To assess the power of our current approach, we use current sample sizes and standard deviations, the program PS v2.1.31 [35,36] and α = 0.05. To provide controls for the possibilities that abuser-control differences observed herein were due to a) occult ethnic/racial allele frequency differences or b) noisy assays, we assessed the overlap between the results obtained here and the SNPs that displayed the largest a) allele frequency differences between African-American vs European-American control individuals and b) the largest assay "noise".

We have compared the patterns of human brain expression for the genes identified herein to those identified using a novel tool based on the distribution of expressed sequence tags (ESTs) contained in an annotated set of brain cDNA libraries (CYL, GRU et al, in preparation). Briefly, we identified 846 human cDNA libraries with cDNAs represented in dbEST. These libraries were constructed from regions of brains that appeared to display modest or no pathology. We based the analyses on two sets of criteria: 1) all entries in these libraries and 2) "more reliable" entries that display i) correct genomic orientation and either ii a) evidence for polyA tail or ii b) spliced structure (CYL, GRU et al, in preparation). For each brain region, we assessed the p-value for over-representation of expression of the dependence-associated genes using hypergeometric distribution tests with false discovery rate (FDR) corrections. Q-values < 0.05 were considered statistically significant.

Results

We assessed the extent to which the ECA and NIDA research volunteers came from similar Baltimore neighborhoods by comparing the distributions of available zip codes from these samples. As noted in Figure 1, there was substantial overlap between these zip code distributions, providing impetus for the comparative molecular genetic studies described below.

Figure 1.

Figure 1

Substantial overlaps of the zip codes in which subjects reported their residences. Fractional distributions (X axis) of zip codes (Y axis) in which ECA (solid blue bars) or MNB (dotted purple bars) subjects reported their residence. Areas from which NIDA and ECA recruitment efforts were dissimilar include 21214; Lauraville and surrounding areas and 21222, Dundalk and surrounding areas. Zip codes from which fewer than 3 individuals were recruited are not indicated.
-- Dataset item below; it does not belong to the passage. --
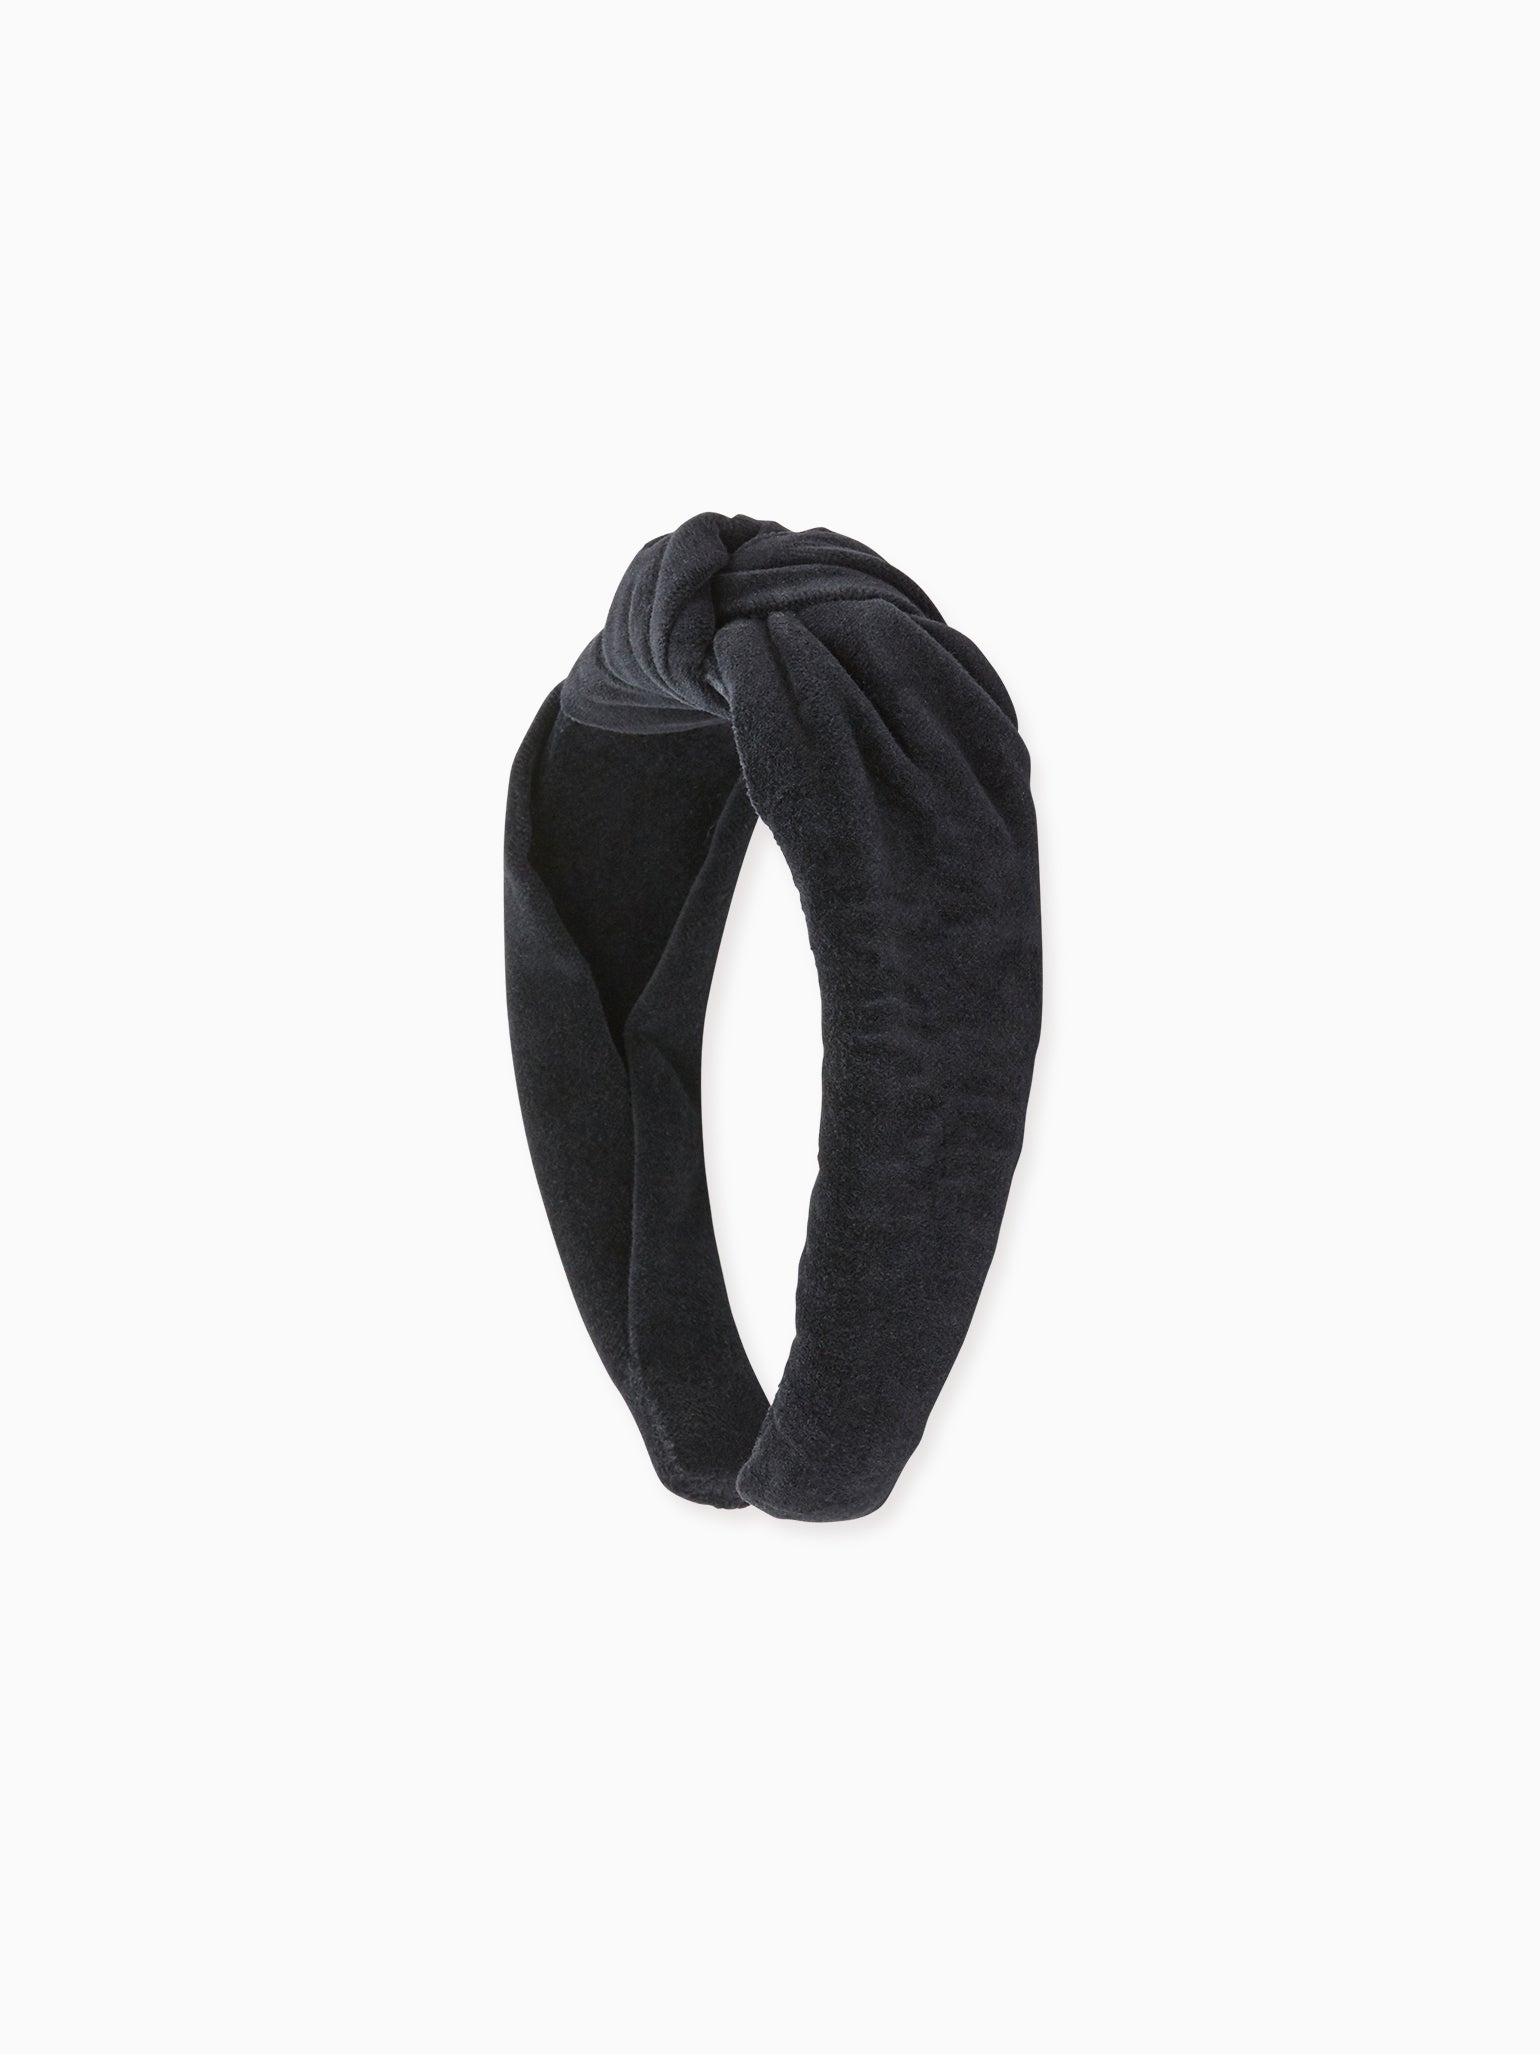 Black Velvet Top Knot Girl Hairband

We then assessed allele frequencies in multiple pools of DNA from substance dependent and control ECA individuals. There was modest variability among replicate arrays that assessed the same pool (standard error of the mean (SEM) 0.032) and among the different pools that assessed the same phenotype (SEM 0.033). These samples and these estimates of variance thus provided 0.9, 0.74, 0.46 and 0.21 power to detect allele frequency differences of 12.5, 10, 7.5 and 5%, respectively.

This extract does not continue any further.